One of the hardest parts of ADHD for me is RSD. There are so many words I have been told as far as I can remember that still go through my head a lot of the time. Some of the worse ones still haunt me:
You are so selfish. How can you be so selfish? Don't be so selfish.
I can't even say who said this to me the most. I know my mother rarely said it. Other family members said it often. I have such a horror of being selfish that at times I made myself as small as possible. At school, I had a reputation of being a chatterbox. At home, I was silent, depending on who was home. The last time the three of us spoke to our father before he basically decided we no longer existed to him, was when we each we asked if we would move with him and his wife and stepdaughter to a farm in Texas. We all said no. I was 10. We hadn't heard from him in months. I explained why. I asked if we would visit mom, I don't remember his answer, I told him I don't like to be outside, the sun and heat make me sick, Andrew is allergic to the sun, I don't like to get dirty, and I don't think I can help with taking care of animals that stay outside. I have no idea what my brothers told him. I was just told that I was being so selfish by not going to live with my dad.
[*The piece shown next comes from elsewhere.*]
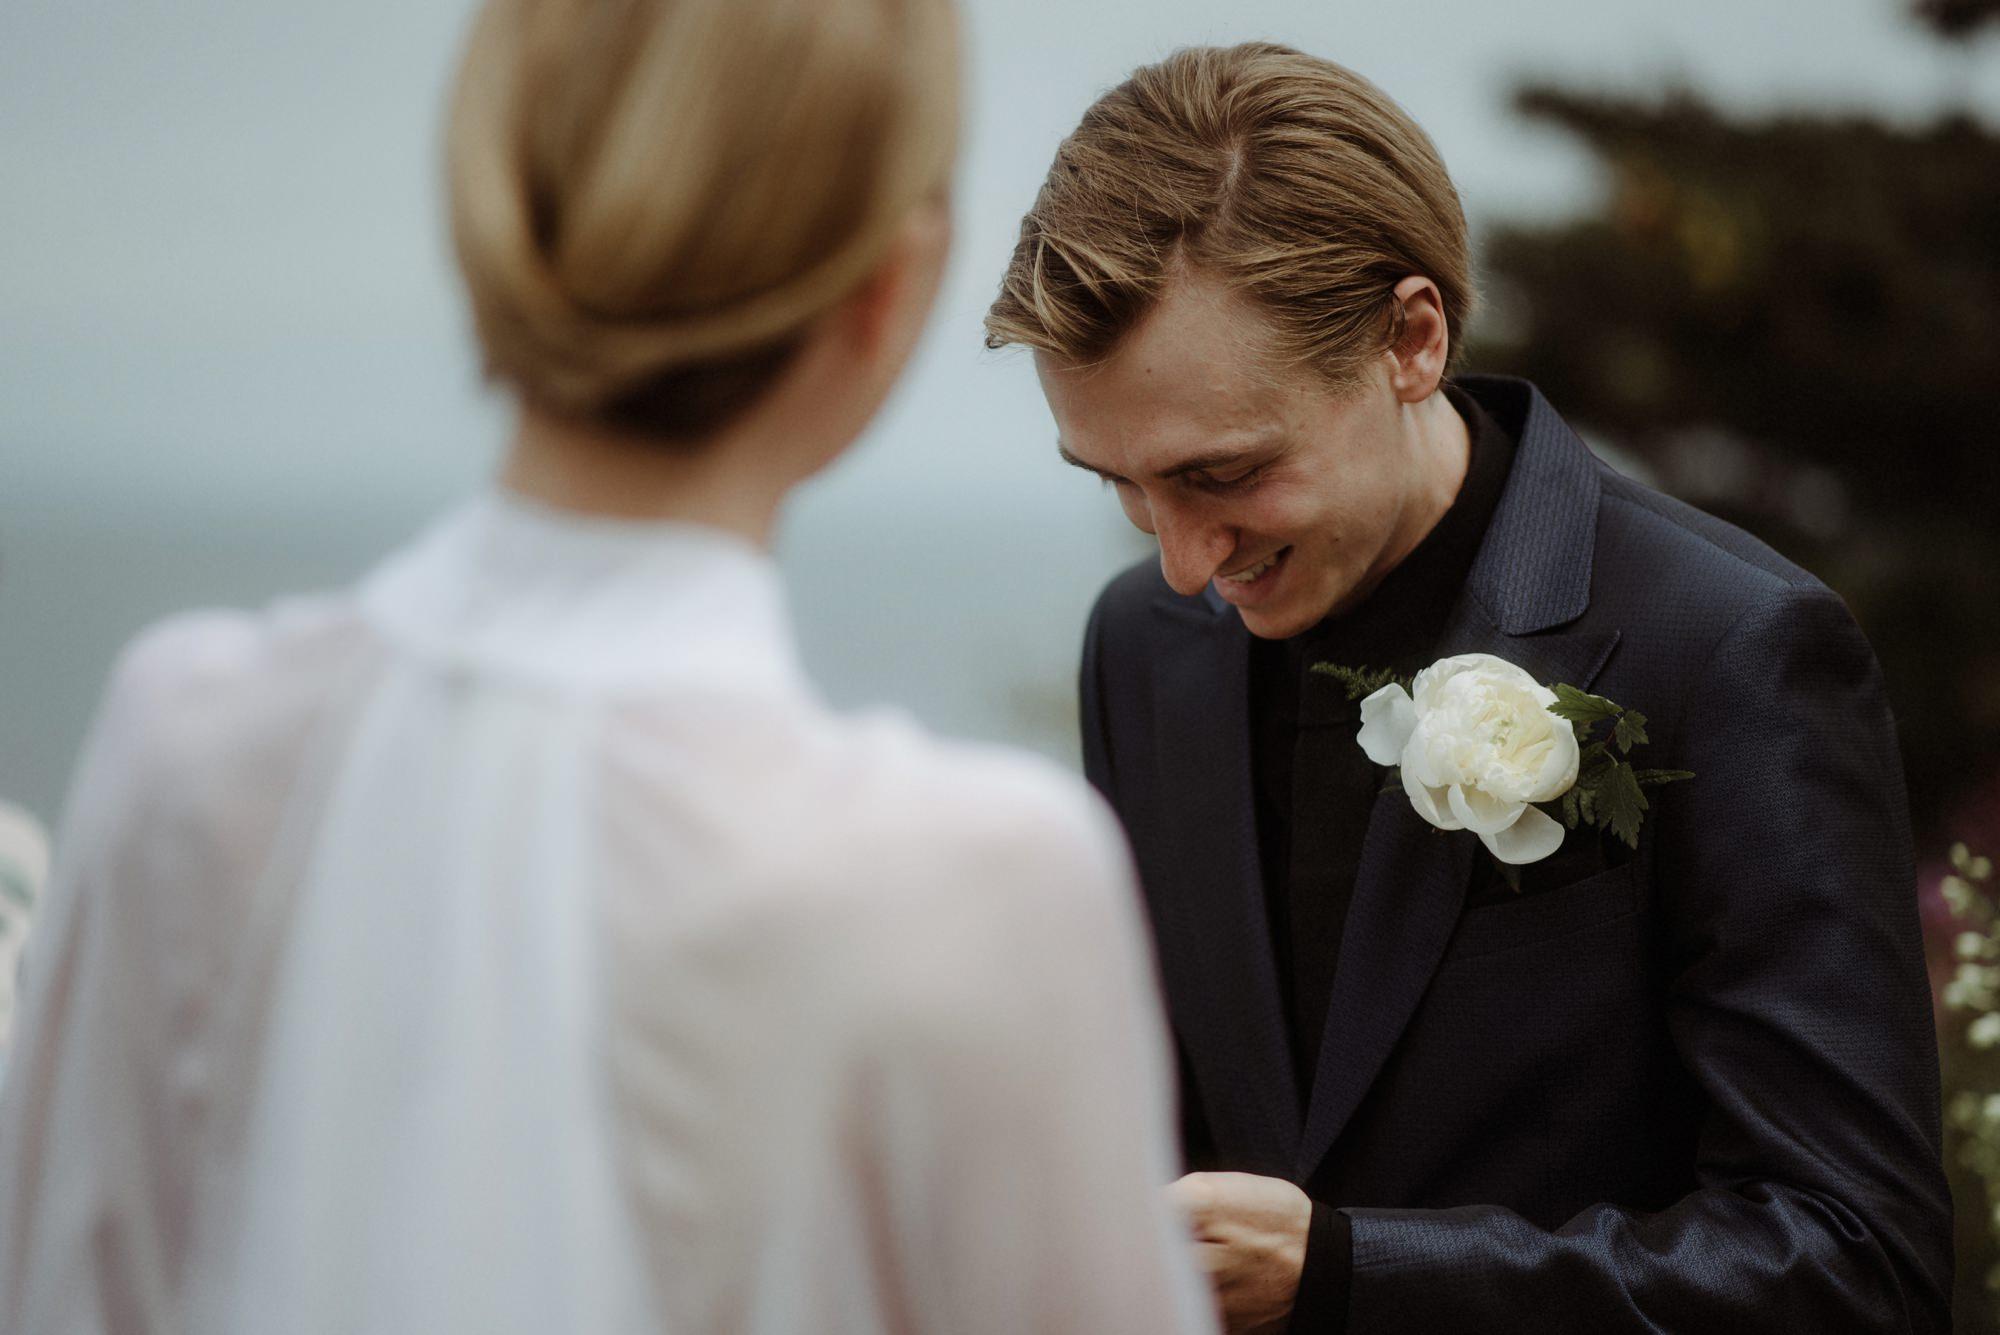 copenhagen wedding photography 0014 1

It took until I was in my 50s to understand why his words felt like he told me I was the worst person in the world. I couldn't tell him the biggest reason I didn't want to move. He didn't pinky promise he would not ever leave me. Mom did.
I have been working on getting some hacks so that the criticisms and mean commits do not keep going on and on in my head. Who knows? Maybe someday criticism won't bother me after the situation is over and done. I can only hope.